Peter Drucker: 15 Uncommonly Wise Observations About Business

Drucker believed that whenever anything important is accomplished, it is usually done by a monomaniac on a mission. That is an apt description of how he felt about business.

Jeff Cunningham
4 min readMar 16, 2023

“Drucker believed the art of management was more than just profit-making and considered it one of the liberal arts.”

Peter Drucker, an Austrian-born consultant turned professor, is widely regarded as the father of modern management thinking. He played a crucial role in the development of consulting firms like McKinsey or Bain, but his expertise went well beyond their lukewarm engagements offering generic advice for high hourly fees.

You may not realize it, but your job has been shaped by Peter Drucker’s wisdom in one form or another throughout your career.

Although he authored 39 best-selling management books, Drucker prized his ability to mentor some of the most successful executives of his time over all of his many other accolades.

Here are 15 pearls of wisdom he taught me:

  1. Whenever anything is being accomplished, it is being done, I have learned, by a monomaniac on a mission.
  2. The purpose of a business is to create a customer.
  3. The best way to predict the future is to create it.
  4. If you want something new, you have to stop doing something old.
  5. Knowledge is the source of wealth. Applied to tasks we already know, it becomes productivity. Applied to new jobs, it becomes innovation…
  6. People who don’t take risks generally make about two big mistakes a year. People who do take risks generally make about two big mistakes a year.
  7. Innovation opportunities do not come with the tempest but with the rustling of the breeze.
  8. Innovation is the specific instrument of entrepreneurship that endows resources with the capacity to create wealth.
  9. Since we live in an age of innovation, a practical education must prepare a man for work that still needs to be created and can be clearly defined.
  10. Marketing and innovation make money, produce results and create wealth. Everything else is cost.
  11. Innovation requires us to identify changes that have already occurred systematically — and then to look at them as opportunities. It also requires that we abandon rather than defend yesterday.
  12. We need an entrepreneurial society where innovation and entrepreneurship are regular, steady, and continuous.
  13. The enterprise that does not innovate ages and declines. And in a period of rapid change such as the present, the decline will be fast.
  14. No other area offers more stimulation for an innovator than unexpected success.
  15. Effective innovations start small. They are not grandiose. They try to do one specific thing.

Despite his immense popularity and success, Drucker remained humble. I had the opportunity to introduce him to several CEOs when I worked at Forbes Magazine. Even at 85 years old and with his distinctive Austrian accent, his listeners rated him the best speaker.

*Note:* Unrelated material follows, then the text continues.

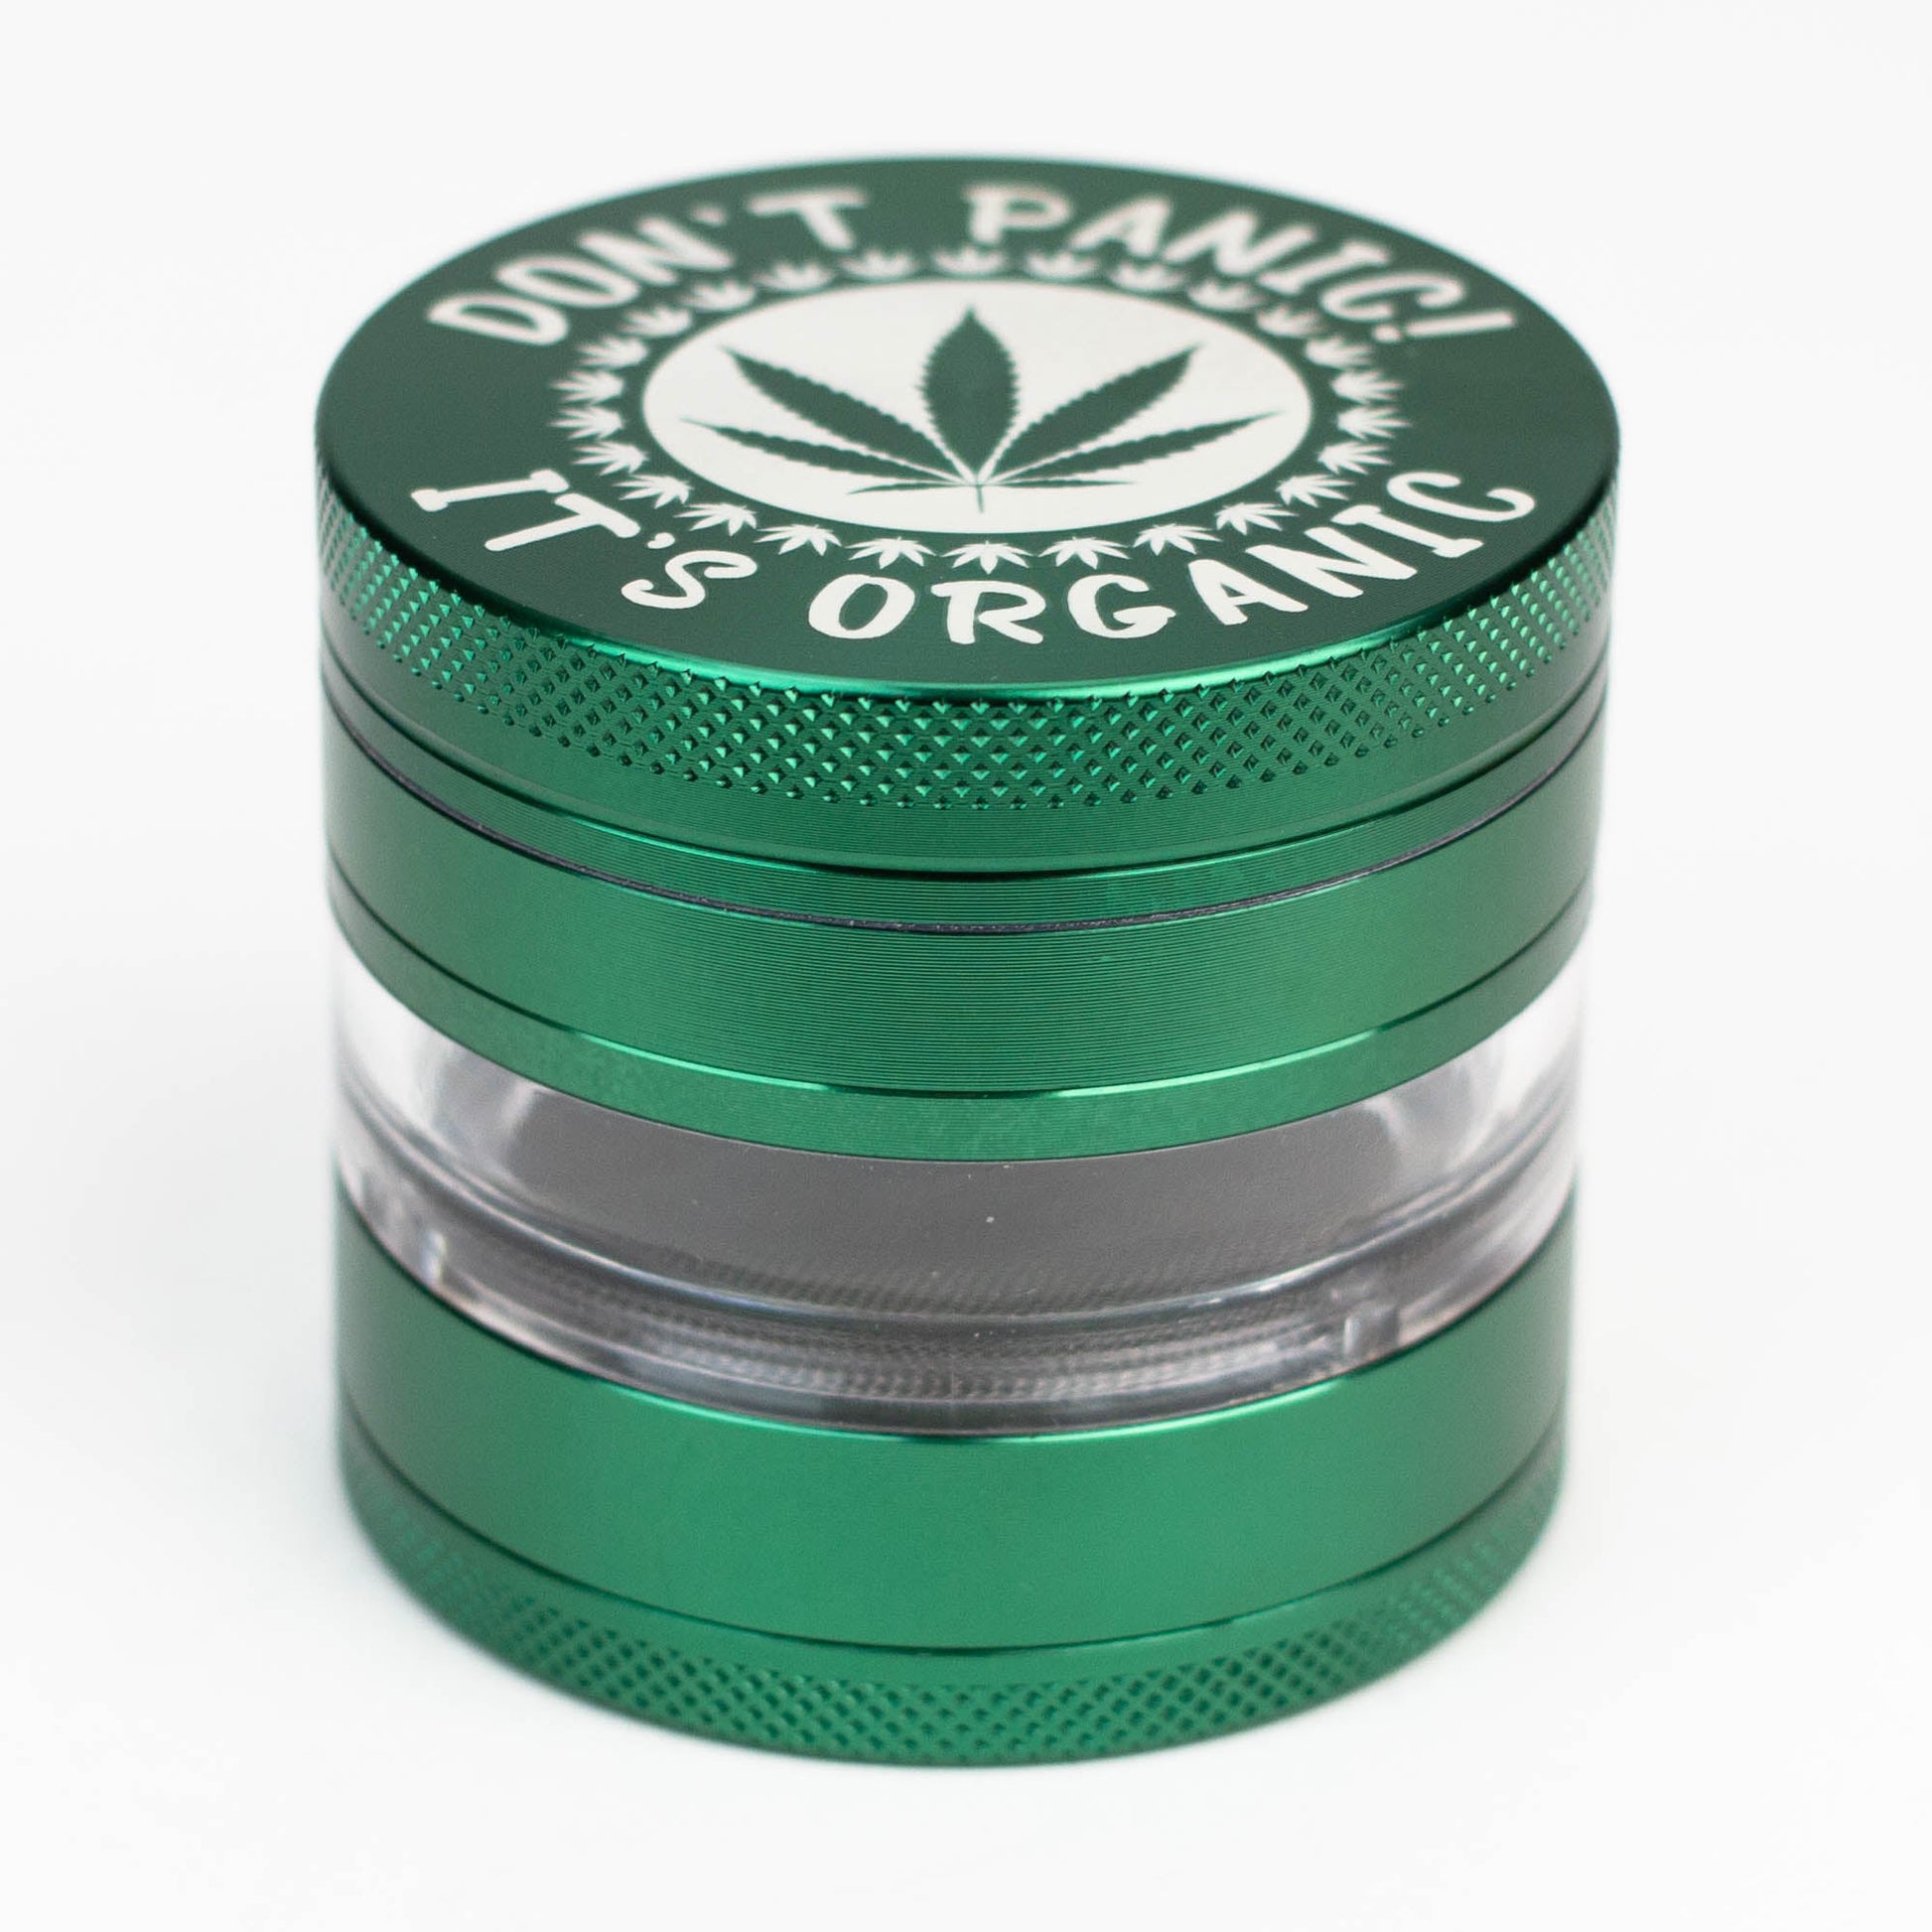 Heavy Duty Large "Don't Panic It's Organic" 4 Parts Weed Grinder Engraved in Canada_13

I sent him a note conveying this feedback, and his partner Frances Hesselbein reported that he had proudly displayed it on his wall. More than moving the needle, he wanted to move people.

Biography

Peter Drucker, born in Vienna, Austria, in 1909, passed away at 95 on November 11, 2005. He worked as a management consultant before becoming a writer and academic, focusing on the operation and leadership of modern business corporations. Drucker was interested in understanding how people interacted in ways that led to success or failure and sought to systematize his thinking to make it accessible to others. Despite being highly contrarian at the time, he gained prominence during the Japanese economic miracle, as his work led to a renewed respect for Japanese practices after WWII.

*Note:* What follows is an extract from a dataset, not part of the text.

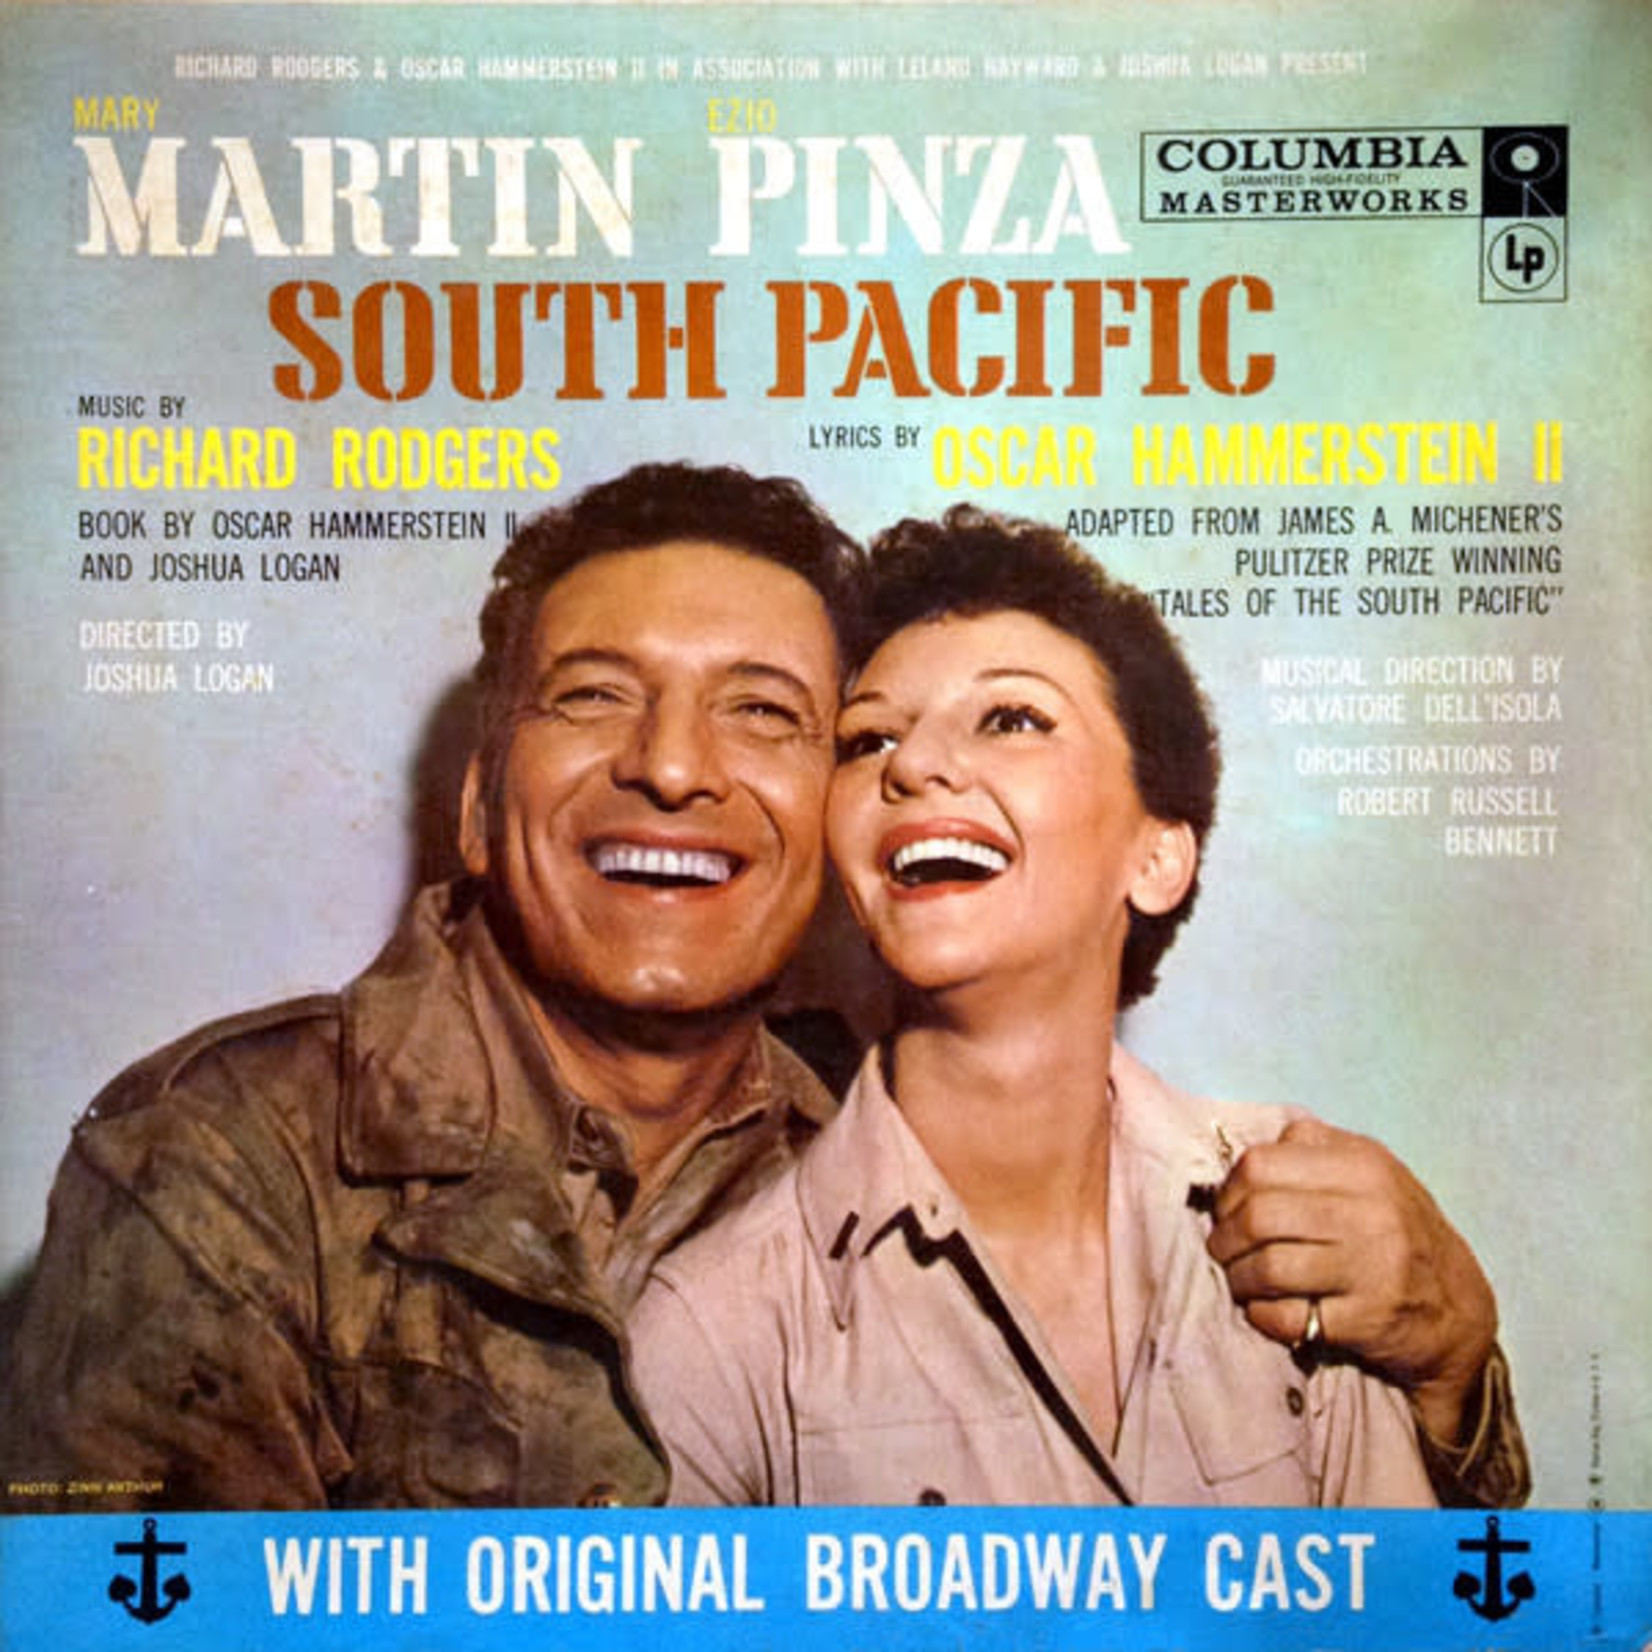 [Vintage] Original Broadway Cast (Rodgers & Hammerstein) - South Pacific (Stage Soundtrack)

Drucker is known for coining the term “knowledge worker” and believing this type of employee was crucial for improving business results. He was influenced by economist Joseph Schumpeter, who used the phrase “creative destruction” and focused on people’s behavior rather than commodity fluctuations to understand markets and productivity. He worked as a professor, consultant, and industrial psychologist. His work on management philosophy in European companies paved the way for a more democratic approach to decision-making in American companies.

Drucker believed management was more than just a profit-chasing activity and defined it as one of the “liberal arts.” He drew lessons from history and religion in his work. He argued that businesses needed to have a greater purpose than just profit-making, with a solid dedication to society, to last through the many challenges that occur in the life cycle of a business. He presciently predicted in his book “Management: Tasks, Responsibilities, Practices” that managers of significant institutions, especially in industry, must take responsibility for the common good in modern society, or else no one else will.

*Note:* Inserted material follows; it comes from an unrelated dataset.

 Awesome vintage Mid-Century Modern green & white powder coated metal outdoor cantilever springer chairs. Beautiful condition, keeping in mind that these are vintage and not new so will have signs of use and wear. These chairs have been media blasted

Drucker was a palm reader as much as a philosopher and was known for making predictions that often came true and was criticized for occasional misjudgments. Despite this, he remained a prominent figure in management theory and philosophy. He believed the nation’s financial center would eventually shift from New York to Washington. While he was criticized for this prediction, it is now seen as accurate with the introduction of Sarbanes Oxley and Dodd-Frank regulations.

Fast forward to today. He was right once again. The realization set him on a path as a part professor, consultant, and industrial psychologist.